Below are the entries. Transcribe exactly the lines from the one with "10 RV & Camper" through the one with "HTB1MlF2PpXXXXazXXXXq6xXFXXXo - FREE", ends included, and leave out all others.
MATERIALS PROVIDED Block Start
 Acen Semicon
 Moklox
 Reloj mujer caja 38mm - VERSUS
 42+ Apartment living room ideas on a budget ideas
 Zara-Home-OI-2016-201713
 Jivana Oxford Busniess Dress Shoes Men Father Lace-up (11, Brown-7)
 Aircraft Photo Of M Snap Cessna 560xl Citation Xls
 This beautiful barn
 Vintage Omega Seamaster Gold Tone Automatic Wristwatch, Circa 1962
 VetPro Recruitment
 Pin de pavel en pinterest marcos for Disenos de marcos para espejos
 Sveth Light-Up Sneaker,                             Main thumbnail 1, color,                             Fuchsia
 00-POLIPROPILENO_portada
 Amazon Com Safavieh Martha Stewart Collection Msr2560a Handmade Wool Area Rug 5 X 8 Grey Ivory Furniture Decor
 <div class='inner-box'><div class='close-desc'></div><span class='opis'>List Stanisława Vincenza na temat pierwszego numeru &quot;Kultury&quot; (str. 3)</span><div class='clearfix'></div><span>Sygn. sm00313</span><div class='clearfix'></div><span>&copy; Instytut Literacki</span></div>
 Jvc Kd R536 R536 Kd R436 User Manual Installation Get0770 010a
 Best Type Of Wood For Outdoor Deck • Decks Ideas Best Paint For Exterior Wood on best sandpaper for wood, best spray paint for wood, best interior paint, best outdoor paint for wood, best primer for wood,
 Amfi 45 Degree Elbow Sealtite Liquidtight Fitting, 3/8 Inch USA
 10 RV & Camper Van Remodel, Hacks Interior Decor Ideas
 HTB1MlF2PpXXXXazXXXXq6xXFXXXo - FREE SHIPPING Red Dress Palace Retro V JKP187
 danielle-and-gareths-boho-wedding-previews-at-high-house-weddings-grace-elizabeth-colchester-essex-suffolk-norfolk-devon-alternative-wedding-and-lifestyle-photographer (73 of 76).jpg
MATERIALS PROVIDED Block End
◆ FINISHED EXERCISE
 10 RV & Camper Van Remodel, Hacks Interior Decor Ideas
 HTB1MlF2PpXXXXazXXXXq6xXFXXXo - FREE SHIPPING Red Dress Palace Retro V JKP187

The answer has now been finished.